# [What is needed]
The required output is the run of lines from the one holding "National Day of Prayer Open House" through the final line of the listing, restated word for word, with no pictures.

# [Data]
= Beginning of Section =

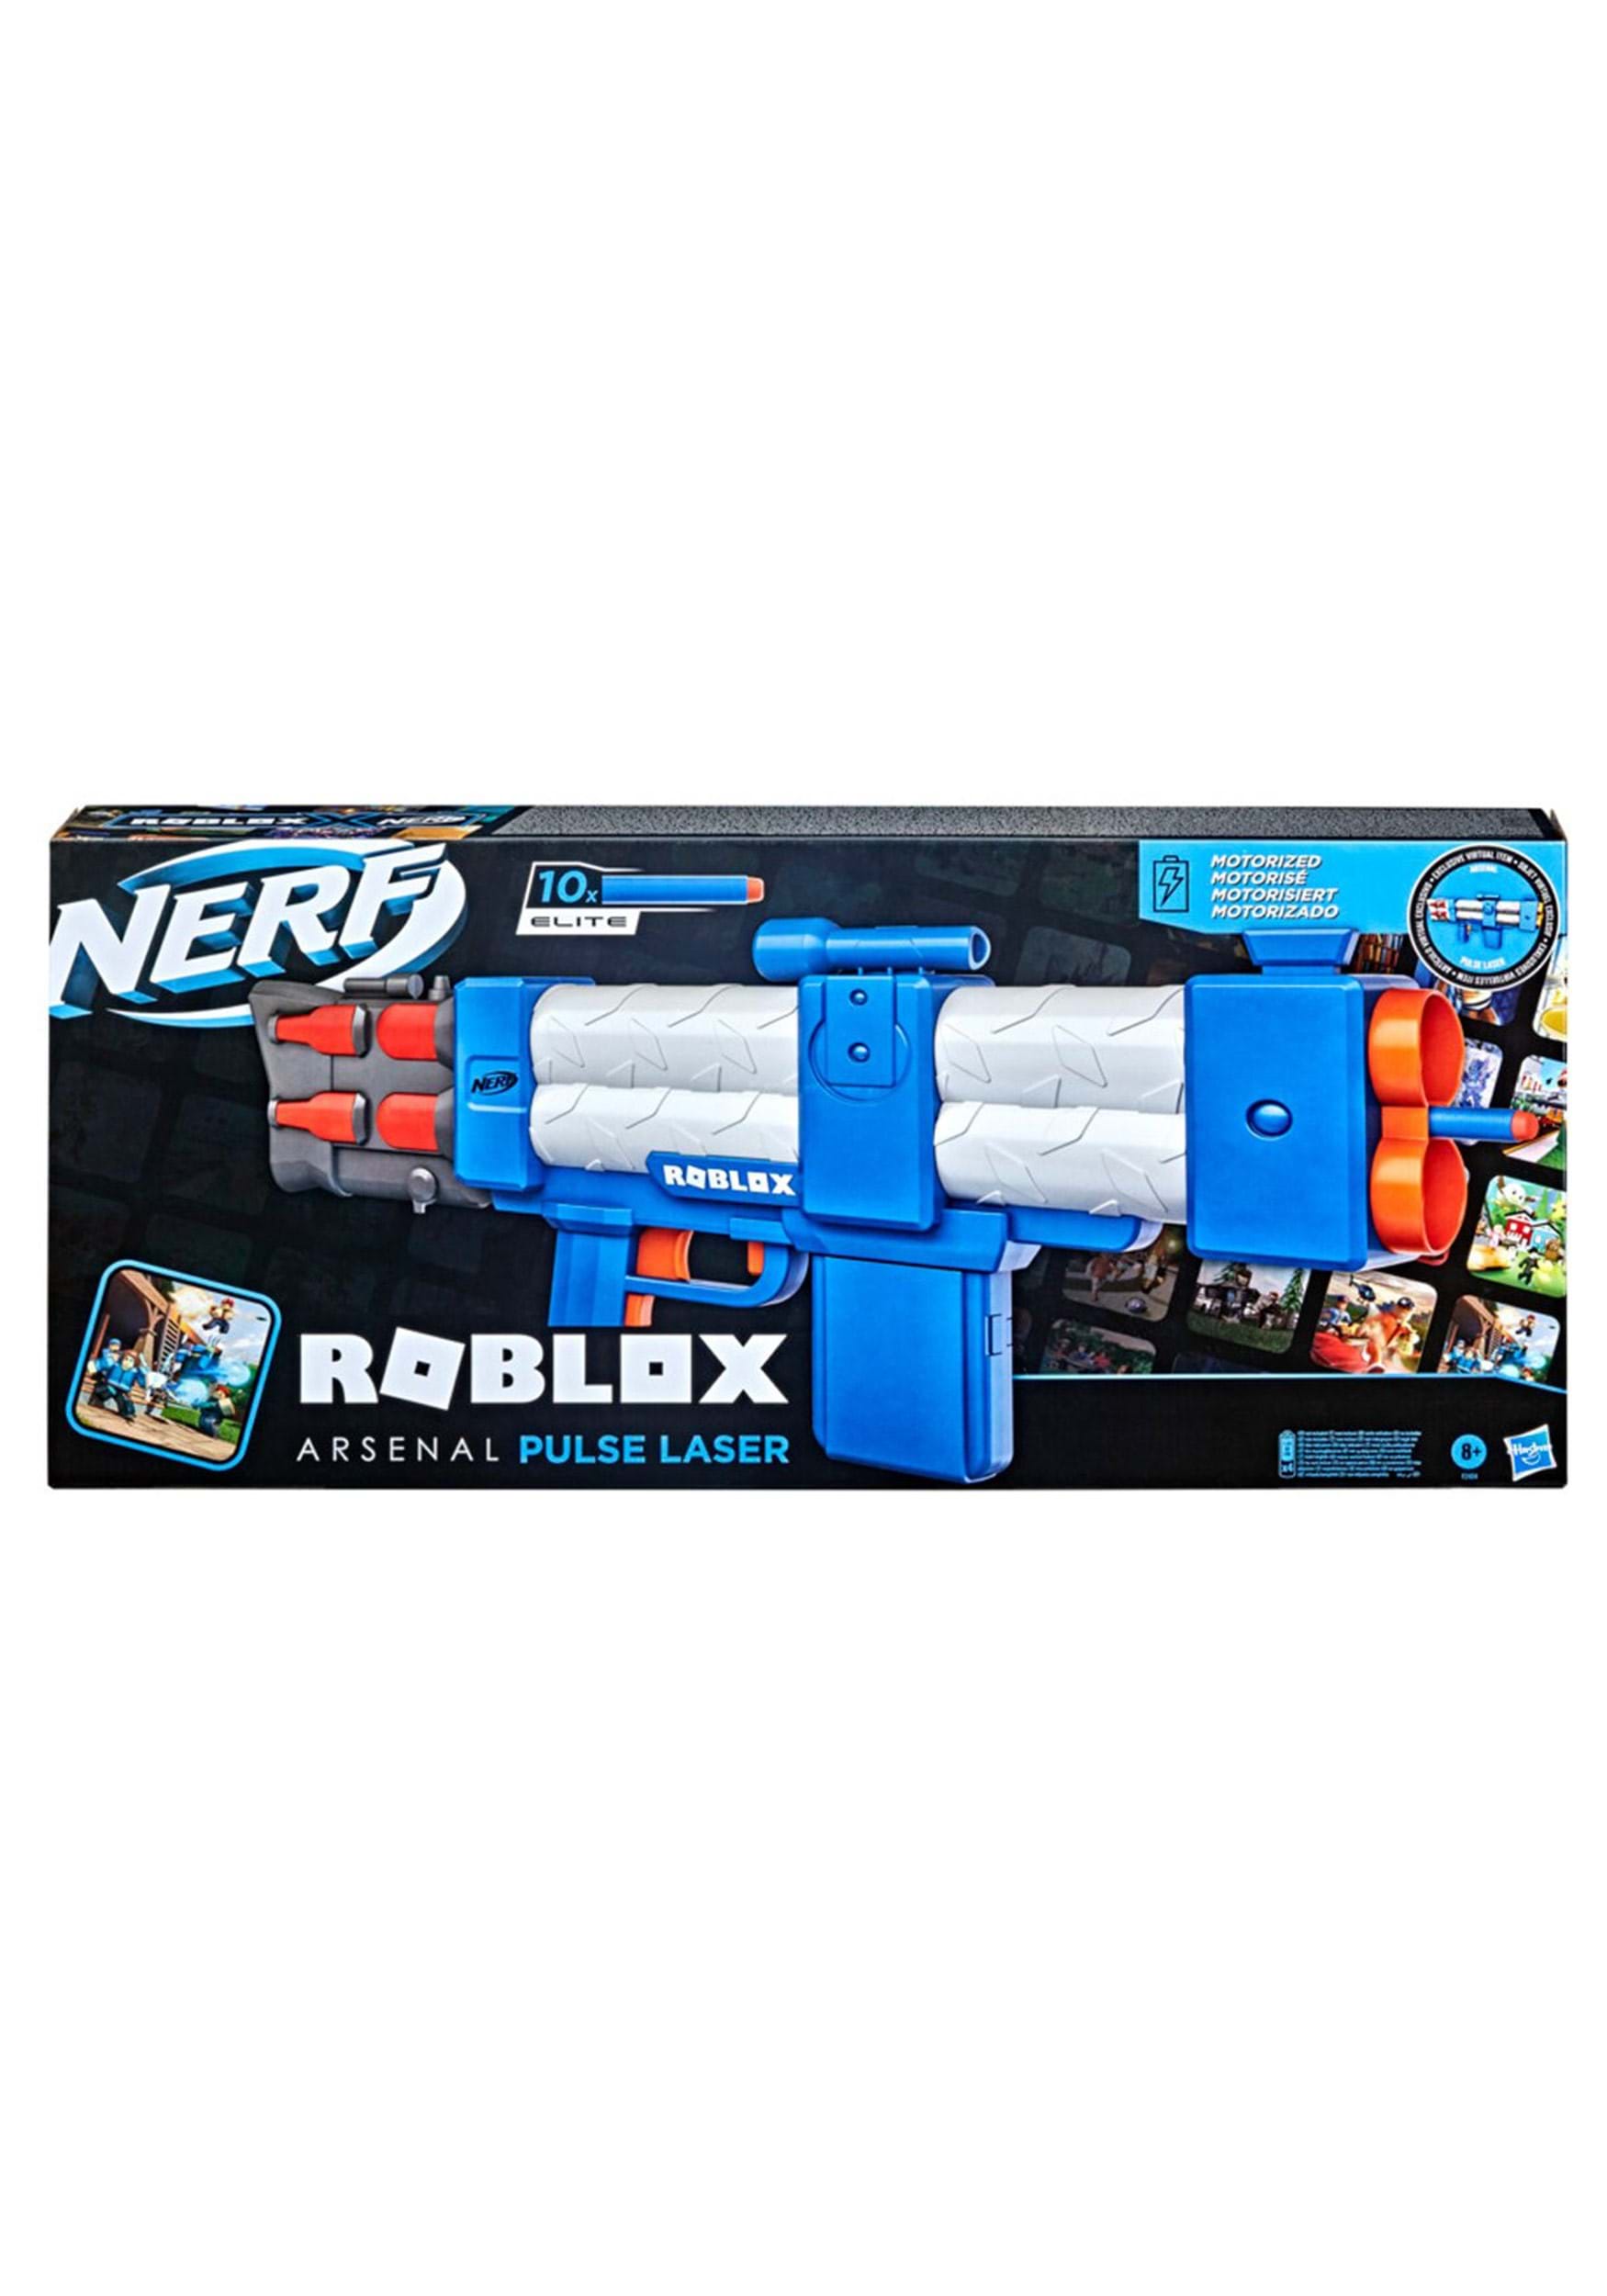 Bring Roblox to Life With NERF - MM2 Shark Seeker and Adopt Me
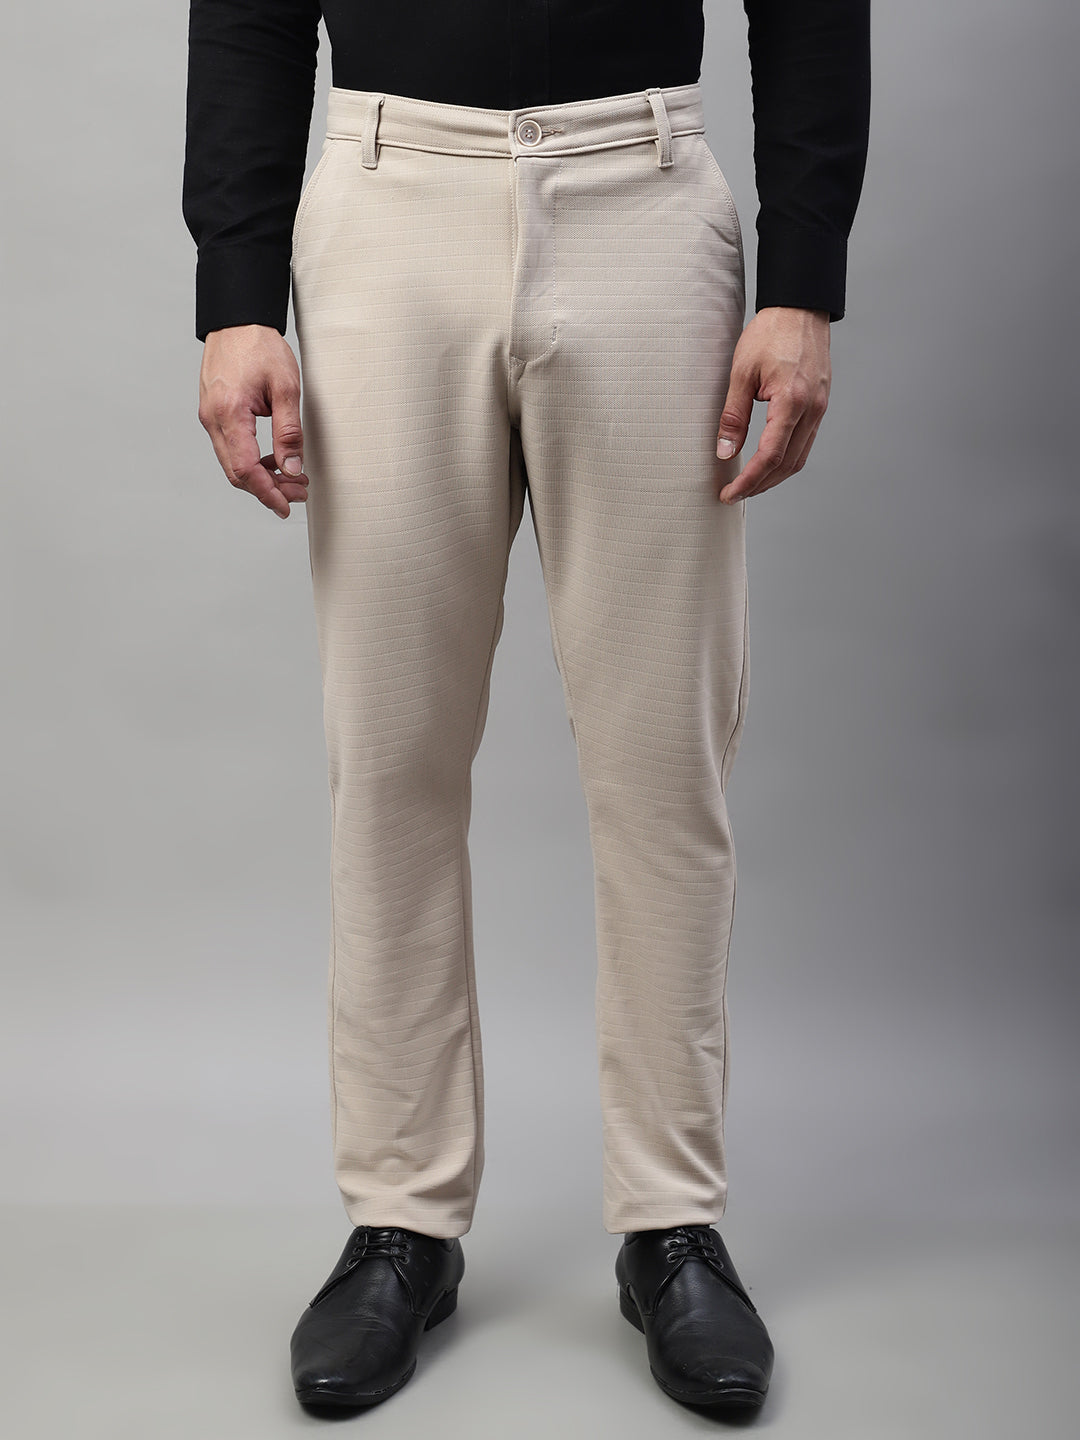 Washable Comfortable Plain Cream Cotton Formal Mens Pant For Party Wear  Waist Size 32 at Best Price in Delhi | Lot Hilot
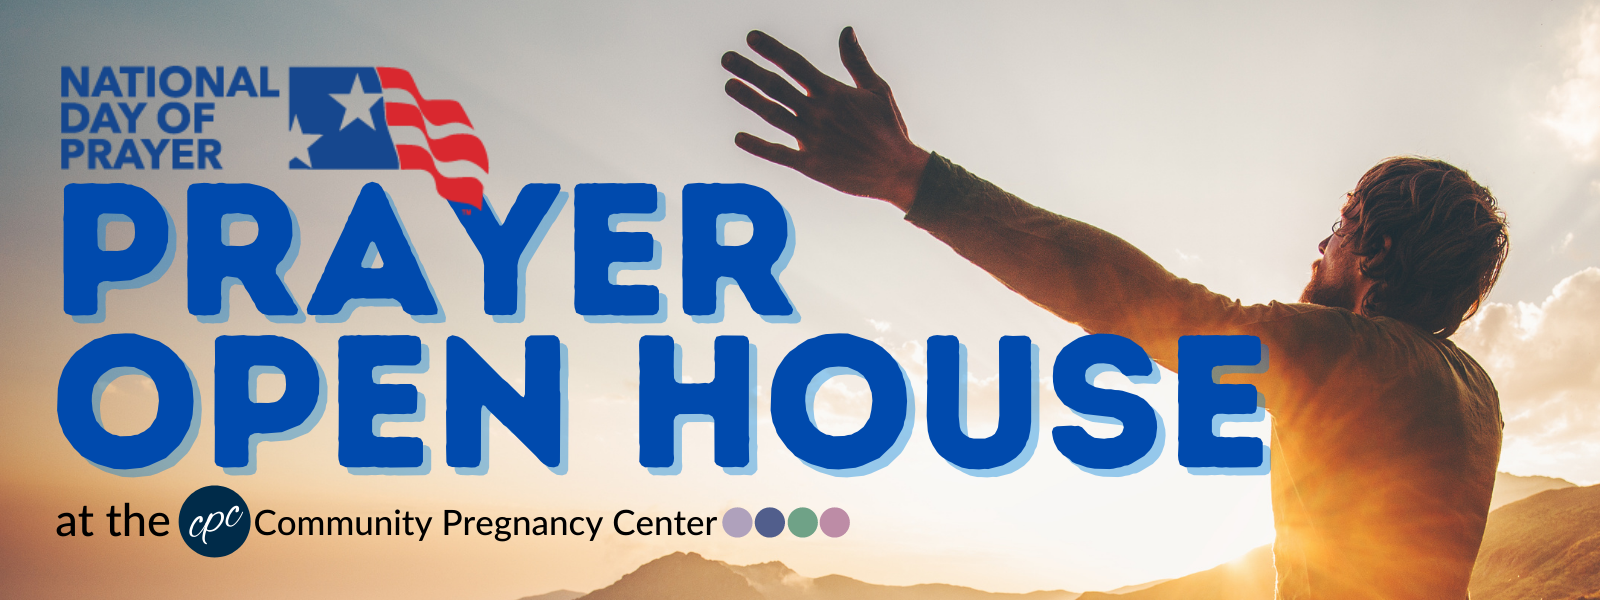 National Day of Prayer Open House
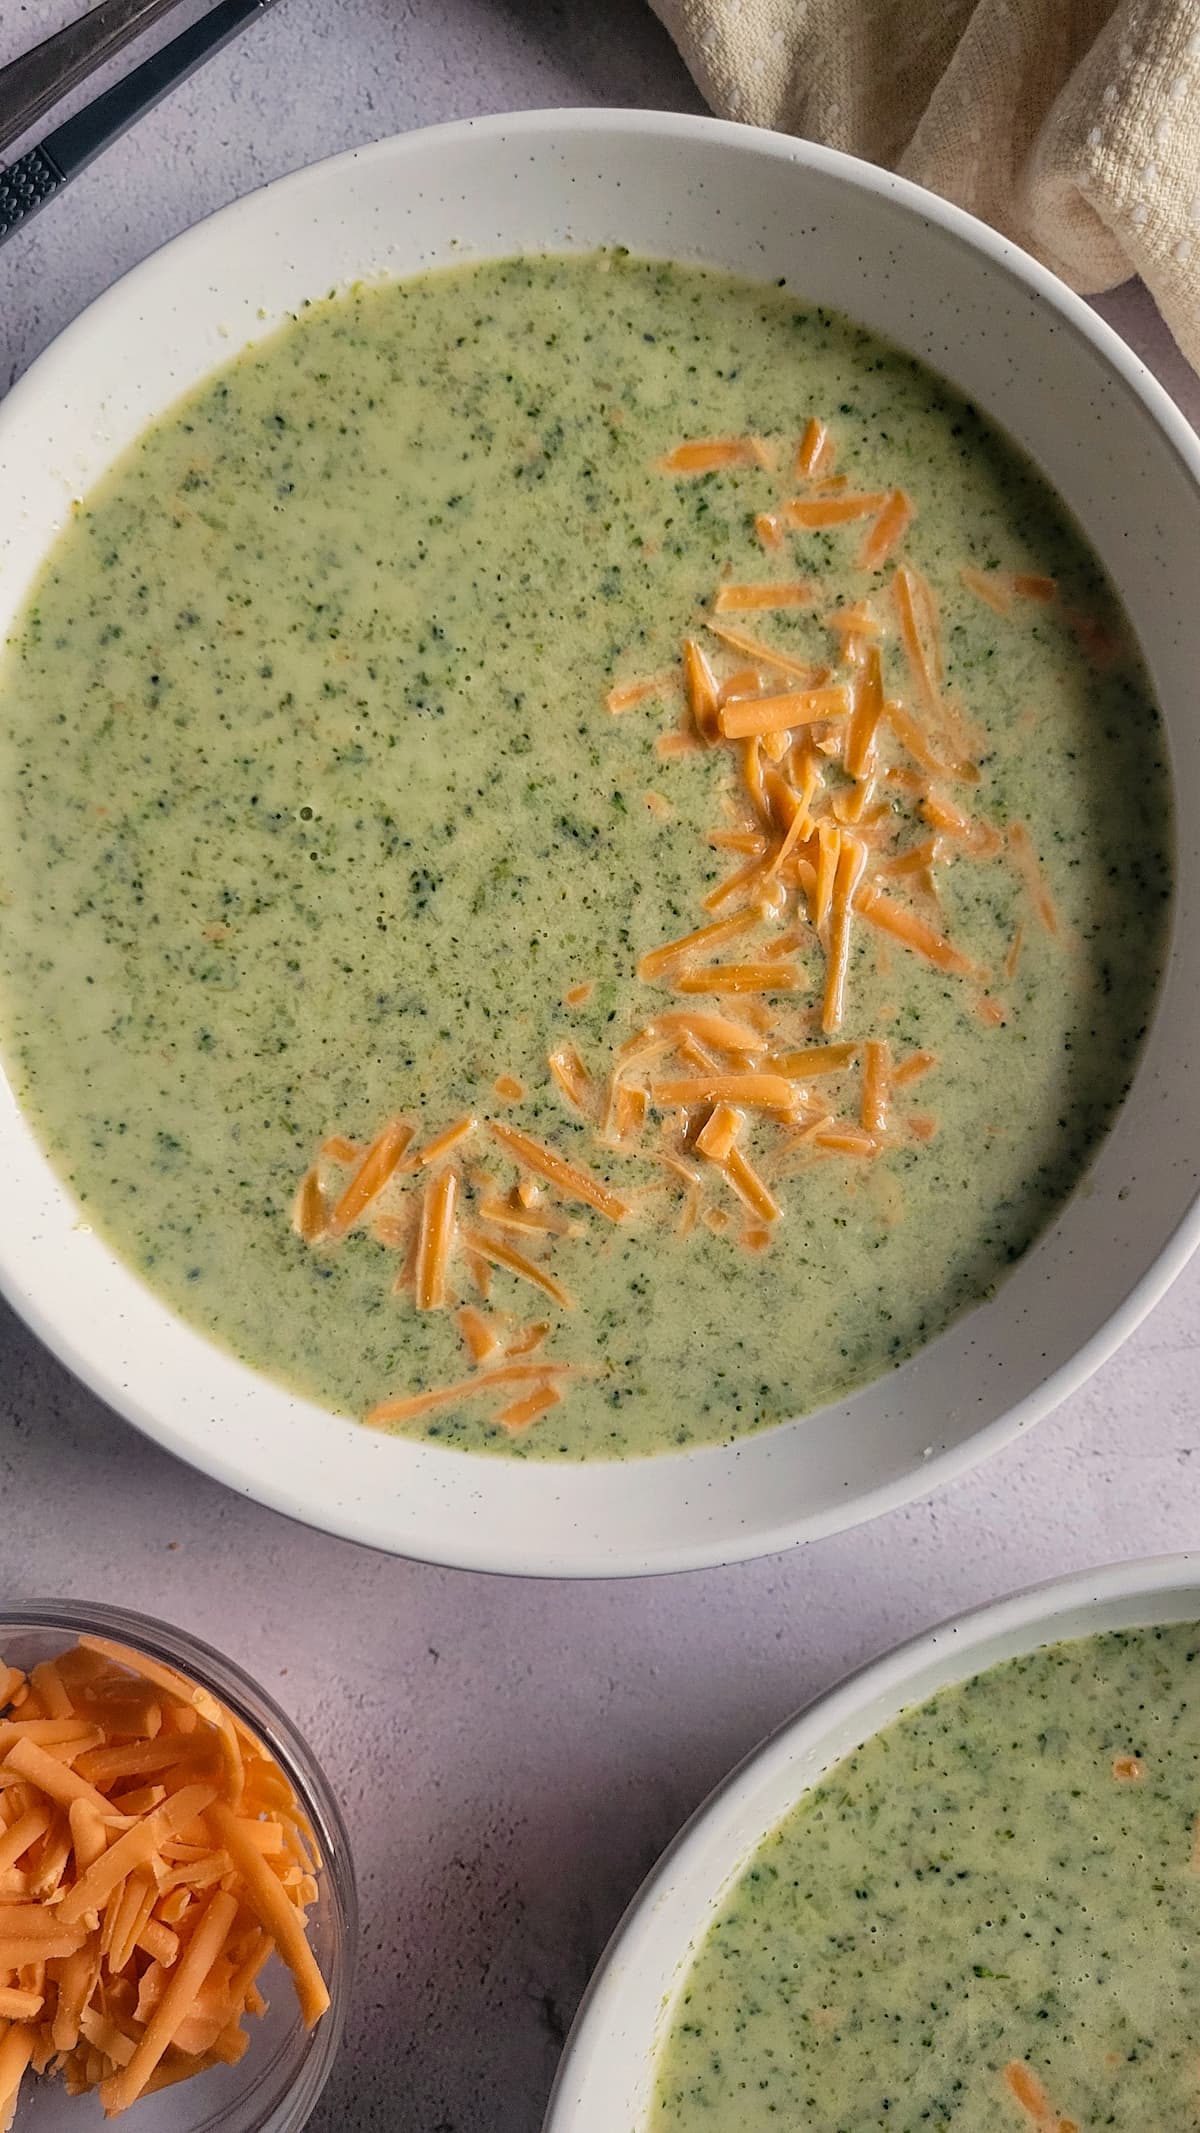 bowl of broccoli & cheese soup next to another bowl of it and a bowl of shredded cheddar

= End of Section =

# [Exercise output]
 National Day of Prayer Open House
 bowl of broccoli & cheese soup next to another bowl of it and a bowl of shredded cheddar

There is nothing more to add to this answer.